Grand Slam singles results
- Australian Open: Q3 (2026)
- Wimbledon: 1R (2023, 2025)
- US Open: Q1 (2025)

Doubles
- Career record: 0–0
- Career titles: 0
- Highest ranking: No. 1,144 (23 September 2019)

= George Loffhagen =

British tennis player (born 2001)

George Loffhagen (born 19 April 2001) is a British professional tennis player. He has a career-high ATP singles ranking of world No. 200 achieved on 27 October 2025. He has won two ATP Challenger and six ITF singles titles.

==Early life==
From Ealing, West London, he attended St Benedict’s School. From the age of eight he was coached by Jo Durie’s former coach Alan Jones and later his son Ryan Jones, and joined a tennis academy based at Chiswick and Northwood in Middlesex, run by David Felgate, where he was a regular practice partner of Jack Draper.

==Career==
Loffhagen competed in the boys' singles events in 2017 at Wimbledon and the US Open, reaching the third round in both. He also competed in the boys' doubles at those tournaments, partnering Jack Draper. He made his senior professional debut in an F6 Futures in Britain in September 2017. He became the first male tennis player born in 2001 to reach a professional final in May 2018, at an F1 Futures event in Uganda.
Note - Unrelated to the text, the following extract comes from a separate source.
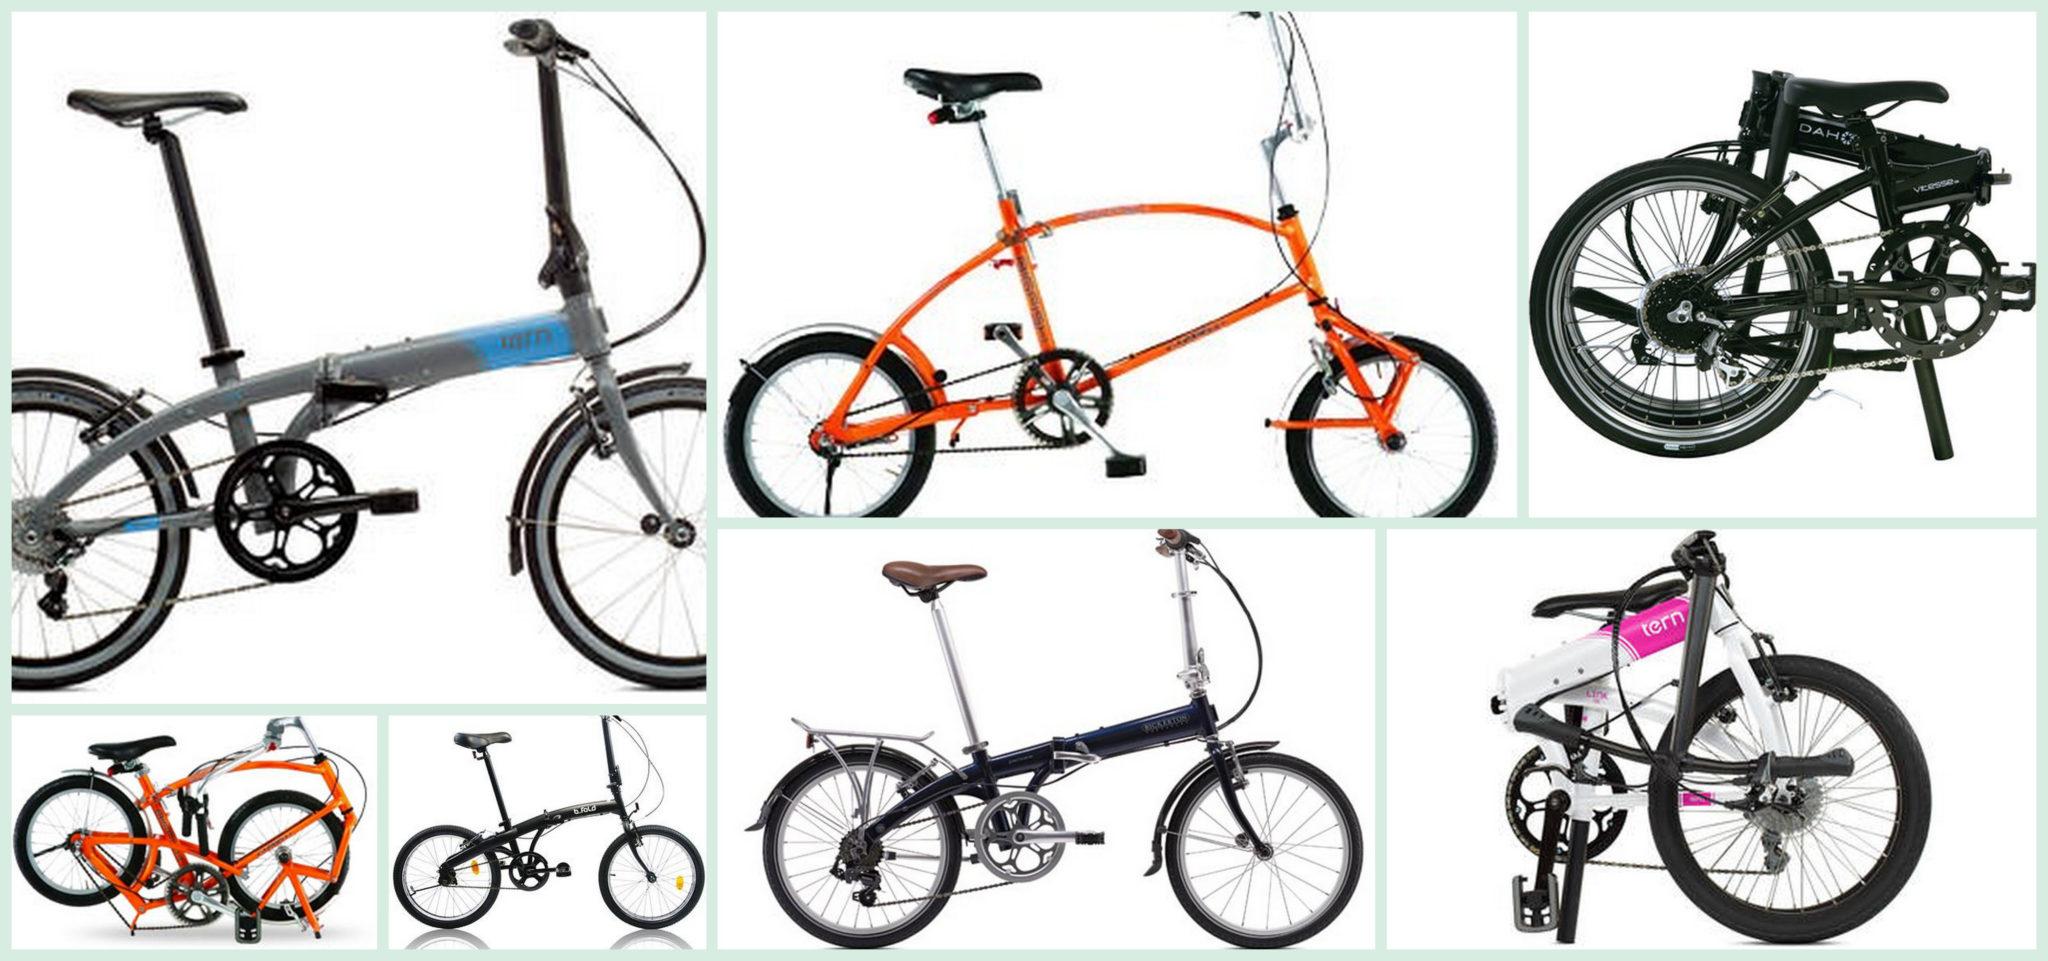 Les 7 meilleurs vélos pliants pour éviter les transports publics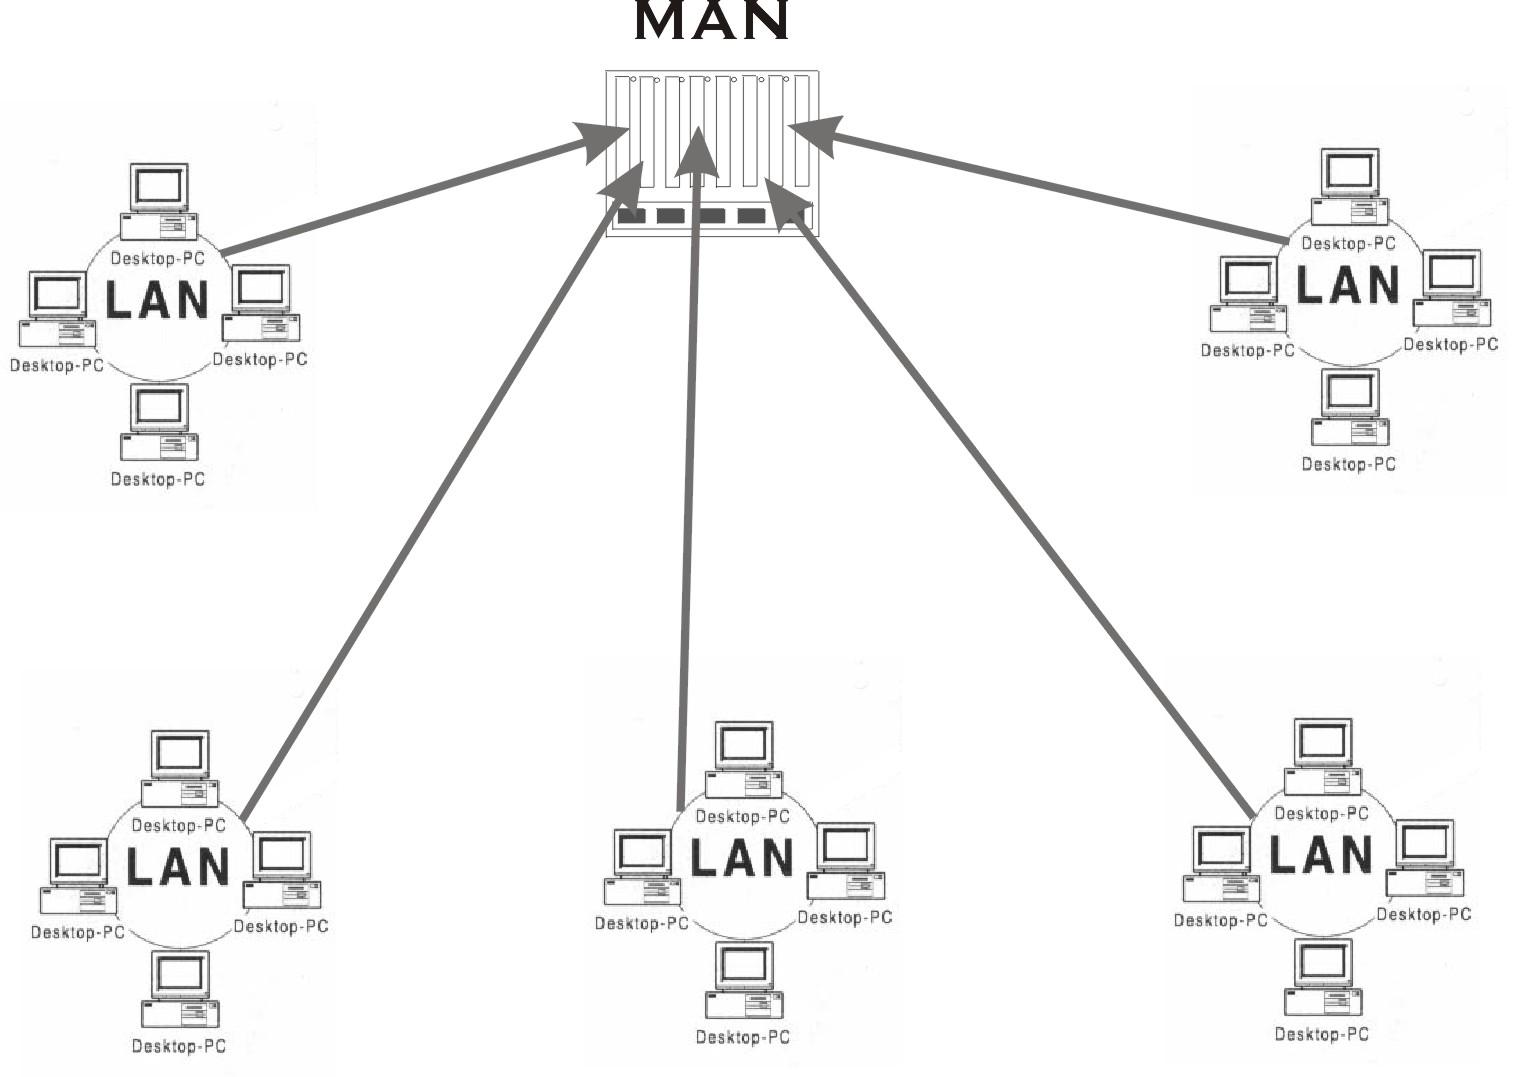 Kelebihan Dan Kekurangan Pada Jaringan Lan Man Wan

Loffhagen stepped away from tennis for a time saying that he "wasn’t enjoying it at that time" and "wanted to do something else. I worked in a pub, studied a bit, went to university… and then I played a couple of tournaments and enjoyed it again. I didn’t want to have regrets—so I decided to start again".

In April 2023, he won the ITF M25 Mysuru Open in India, defeating Australian Blake Ellis in the final. In May 2023, he won an M25 tournament held in Nottingham, for his second career title at that level in as many months. In June 2023 he secured his first win at the ATP Challenger level when he defeated top-150 ranked Finn Otto Virtanen at the 2023 Nottingham Open. He backed that win up with a victory over higher-ranked Shang Juncheng in the next round to make the quarterfinals in Nottingham. At No. 176 in the world, Juncheng started the match 238 places higher than Loffhagen.

He was awarded a wildcard for his Grand Slam tournament main-draw debut at the 2023 Wimbledon Championships, where he lost out to Holger Rune in straight sets in the first round. At the 2025 Wimbledon Championships, he was again given a wildcard into the main-draw where but lost to Pedro Martinez in four sets in the first round.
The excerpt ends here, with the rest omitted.